By Owen Jones

Termite mounds differ from species to species although to the amateur student of termites, many of them look alike. However, an specialist can often deduce the species simply by looking at the mound. Termites construct their nests in all sorts of locations. Some build theirs in living trees like wasps, others build them in dead upright or fallen trees. Tree stumps are a favourite of some other varieties of termite, which is why it is always recommended that you remove tree stumps in termite zones.

Then there are yet another sort of termite - those that like to live in or close to the soil. Those that live in the ground are called subterranean termites. As they mine their tunnels and excavate the chambers for their nests, they eat a lot of the matter and compact a lot more, but what they find superfluous, they carry to the surface. This sometimes forms part of the nest, but not a vital part of it. This makes a termite mound of sorts, but they are not the impressive ones that you see in films.

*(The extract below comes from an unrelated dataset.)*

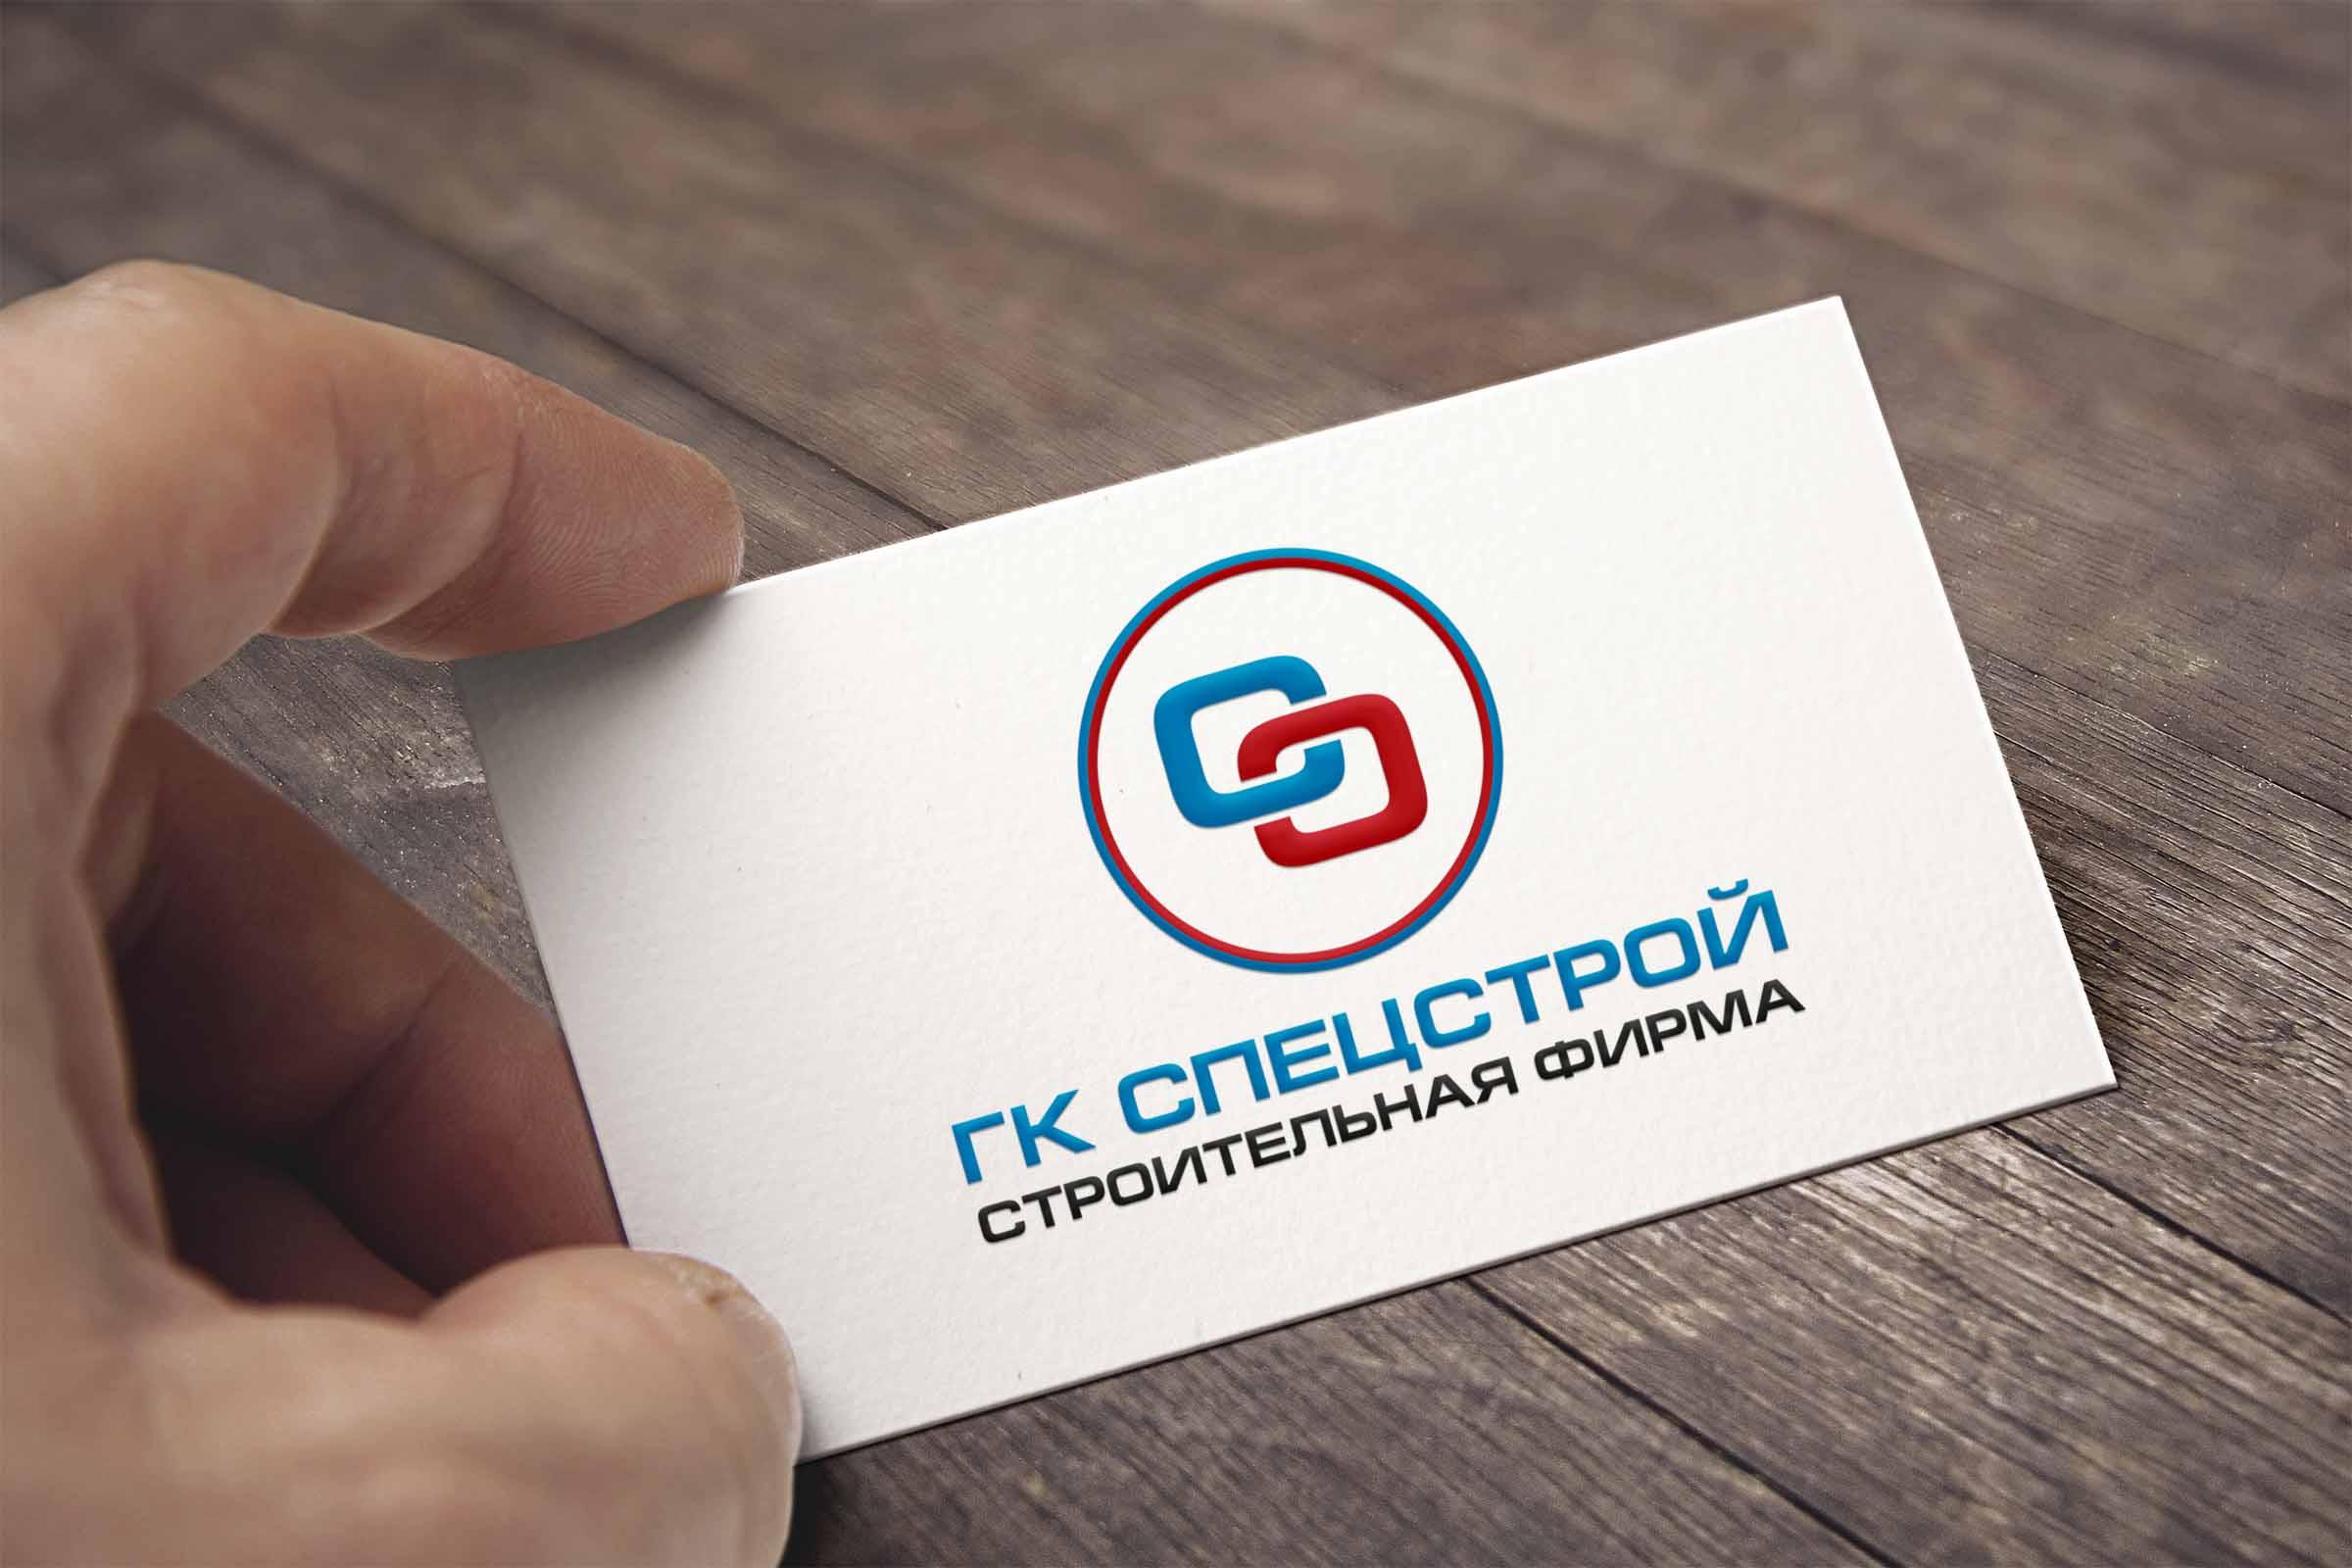 Нужно создать бланк организации и визитные карточки. фото f_78359d71589c4a4f.jpg

Those termite mounds, also erroneously called ant hills in Africa and Australia, are made by termites that live above ground, although most species will also have tunnels and chambers underground as well. These are the big structures that termites are famous for.

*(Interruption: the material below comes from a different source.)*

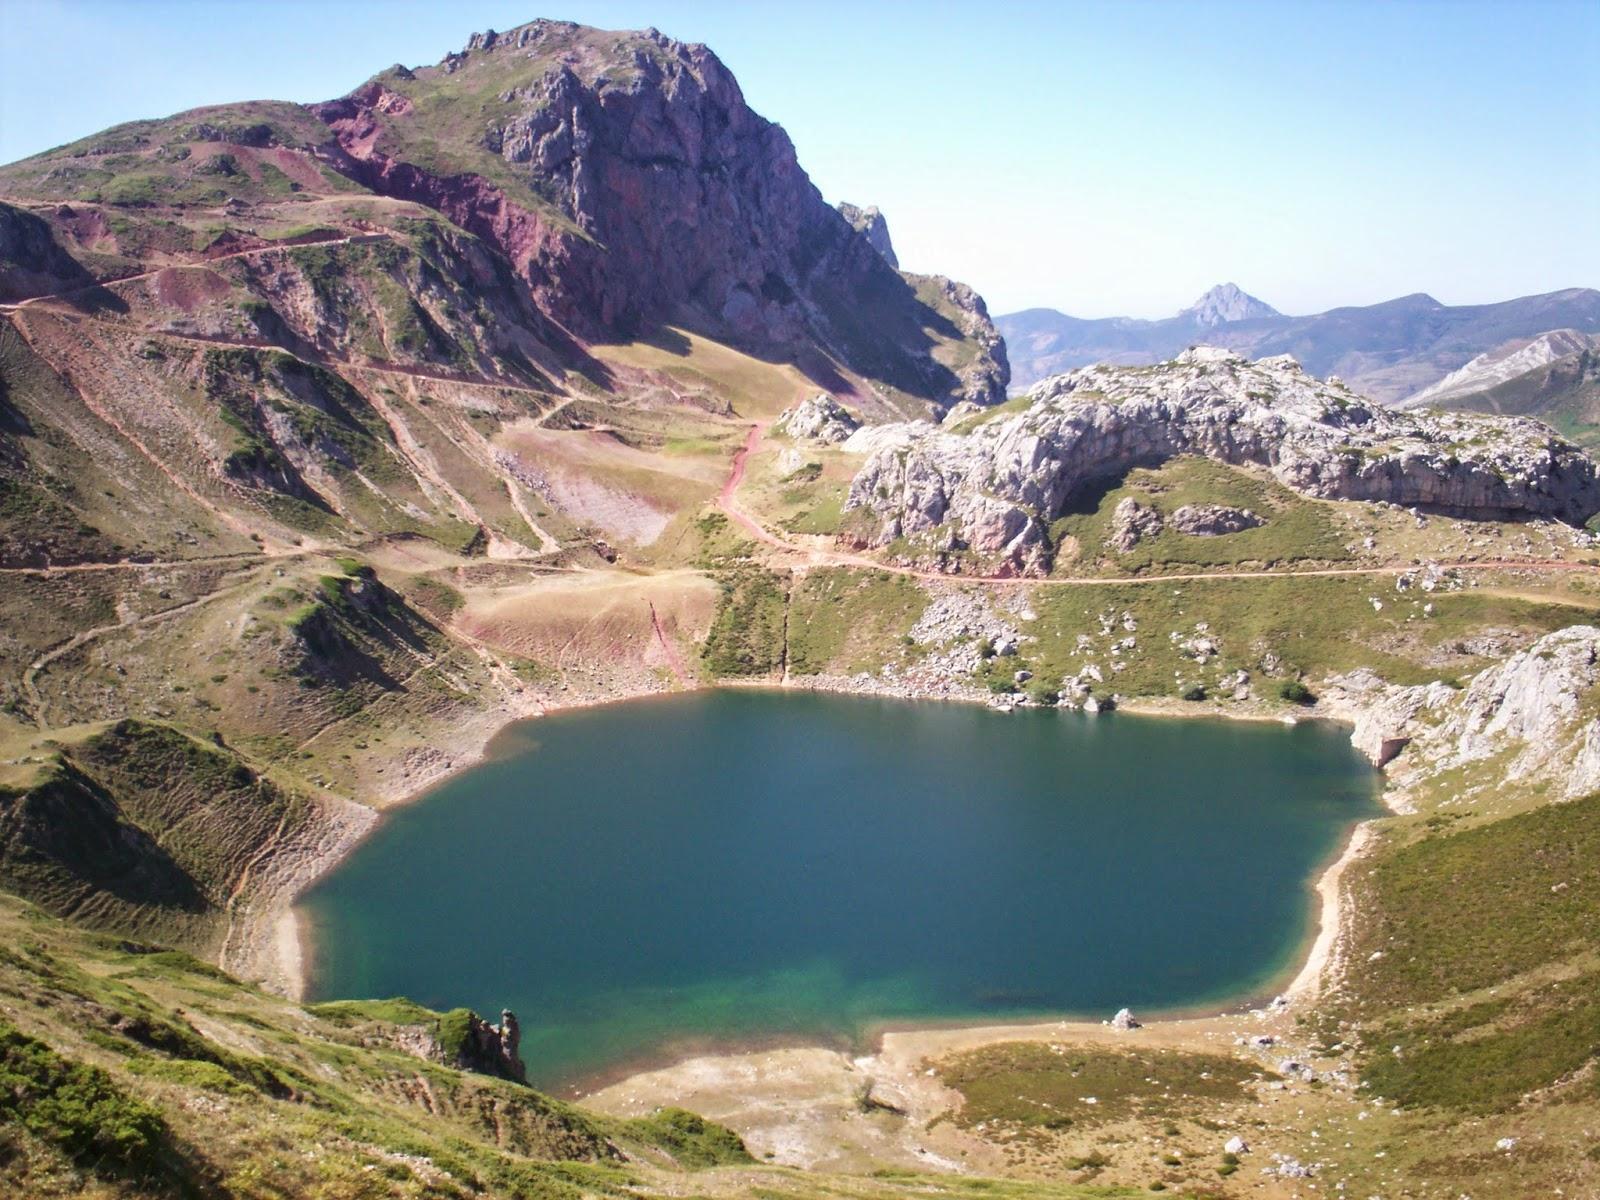 Vistas del lago de la Cueva en Somiedo

They are largely built by termites living in the dry savannas and dry wastelands of Australia and Africa. The biggest known to man is about nine metres (thirty feet) high, although the average is closer to a little over a metre (three or four feet) tall.

However, these termite mounds are not only remarkable for their height. They are also remarkably robust. Elephants sometimes use them as scratching posts. Imagine that! Two tons of elephant rubbing itself up and down on your earthen hut or even a wooden house. But the really intriguing stuff goes on inside.

The eggs and the nymphs (young) of some species can only continue to exist within a tolerance of plus or minus one degree centigrade. The Compass Termite accomplishes this by building a wedge shaped mound with the longest sides facing north-south. This allows the predominant drafts to be drawn in by the column of warm air rising from the base of the nest up to and out of the roof of the mound.

The termite mounds of some species are so beautiful and weird that they attract tourists, who regularly gaze in wonderment at the design and intricacy of the mound. Scientists too have been studying termite mounds for a long time and recently Australian engineers have joined in.

They are hoping that they will be able to learn termite technology in order to construct large buildings so that they are more self-regulating. They are actually constructing a man-made termite mound to try out their theories in the anticipation that they will be able to build them into future designs.

Therefore, in a few years time, if someone asks you what a termite mound looks like, you may simply be able to point at the civic offices and say: like that.